Молчавший дотоле Крутогоров, вмешавшись в ораву фабричных, поднял гневный свой голос:
— Вы — предатели свободы… Поймите, меднолобые! Свобода — Дух. Как цветы к солнцу, стремимся мы к Свободе — Вечности — Духу… Но вы в Него не верите… А в медяки — верите?.. И в вождей верите?.. Вы из ничтожества делаете себе богов… Опомнитесь!.. Потому-то, что мы в тлене, — нас и полонили двуногие звери… Вперед же к Свободе — к Вечности!.. Ведь нам по пути с вами?!
— Не-ту духа!.. — гаркали фабричные. — Дал-лой!.. Какая там, к черту, вечность?..
— Вы против духа, но за богов-вождей, мы — против богов-вождей, но за единого Духа — Вечность! — вскричал Крутогоров.
* * *
Сладкие, вливающие в сердце бессмертие, раздались вдруг в листве шумы и шелесты. Над вершинами легкие послышались взмахи белоснежных крыл. Вековые ясени, гордыми купами над рощей и озером высившиеся неколебимо, как стражи, — победным залились многоголосым шумом — гимном…
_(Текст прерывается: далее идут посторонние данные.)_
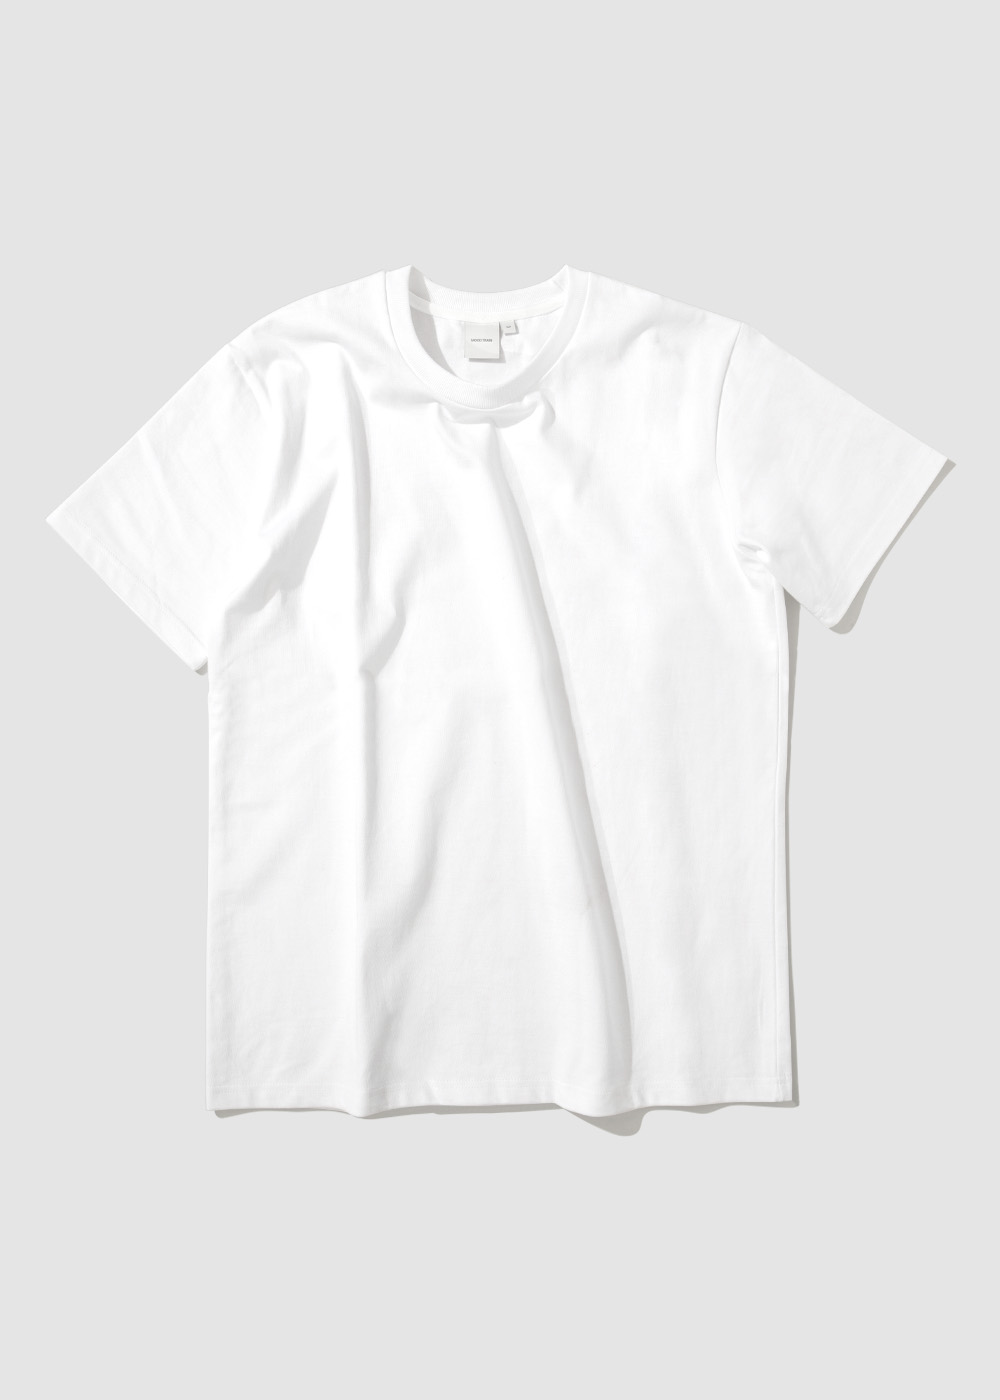 B. Silked Combed Cotton 100% 30/2 Single T-shirt _ white

Над жертвенником из цветов светлые затрепетали, светя жемчужными венцами, видения. И ярко озарилась сумрачная роща голубо-алым светом…
А с сладкошумных, качающихся вершин на белые хороводы мужиков и на ораву фабричных белые посыпались, розовые, голубые, лазоревые и алые цветы. Падали жемчужины благоуханных ландышей, рубины темно-алых душистых роз, распустившихся под теплой росой, словно сердца под молодой любовью, перлы белых лилий, бирюза сирени…
— Ого! — подскочил какой-то вахлач, хватаясь за ворот. — Розы-то откуда это?.. Шекочет… Целая охапка, ого! И незабудки… И сирень!.. Да пахучая!.. Да что это такой, а?..
— Ли-лии!.. Анютины глазки!.. — заликовали рабочие. — Ай да мужики!.. Лови!.. Лови!..
Цветы сыпались водопадом. А обрадованные рабочие метались под березами, то ловя падающие пучки цветов на лету, то подбирая их на траве.
— Да постой!.. Ландыши!.. Черт, ей-богу, я рехнулся!.. — блекотал вахлач. — Колокольчики!.. Голубые!.. А свет, — кар-раул! — что это?.. Мы — голубые!.. Гляньте!.. Гляньте!.. Видения!.. В венцах!..
Под ясенем молча, нахлобучив картуз, стоял подхалюза, бормотал, спеша заглушить в сердце страх:
— Гм… Наука объясняет это очень просто… Подымется смерч… Кх… Над цветником, скажем… Вырвет цвет… Унесет… Гм… А когда утихнет, ну, цветы и падают… Что ж тут такого?.. А свет — это лектричество…
Но рабочие, опьяненные внезапно нахлынувшей радостью, смеялись над ним:
— Эх ты, лектричество!.. Молчи лучше, Ошарин!.. Не твоего, брат, ума дело…
И пили ароматы полной грудью, осыпанные дождем сирени, лилий, роз, ландышей, голубых, розовых и желтых колокольчиков. И, с девичьими сомкнувшись хороводами, целовались страстно…
* * *
Над жертвенником цветов — о, радость без меры, без предела — вострепетал Дух. Белоснежные раскрыл крылья, облив рощу светом незаходящим ярко. И постигли пророки непостижимое на земле…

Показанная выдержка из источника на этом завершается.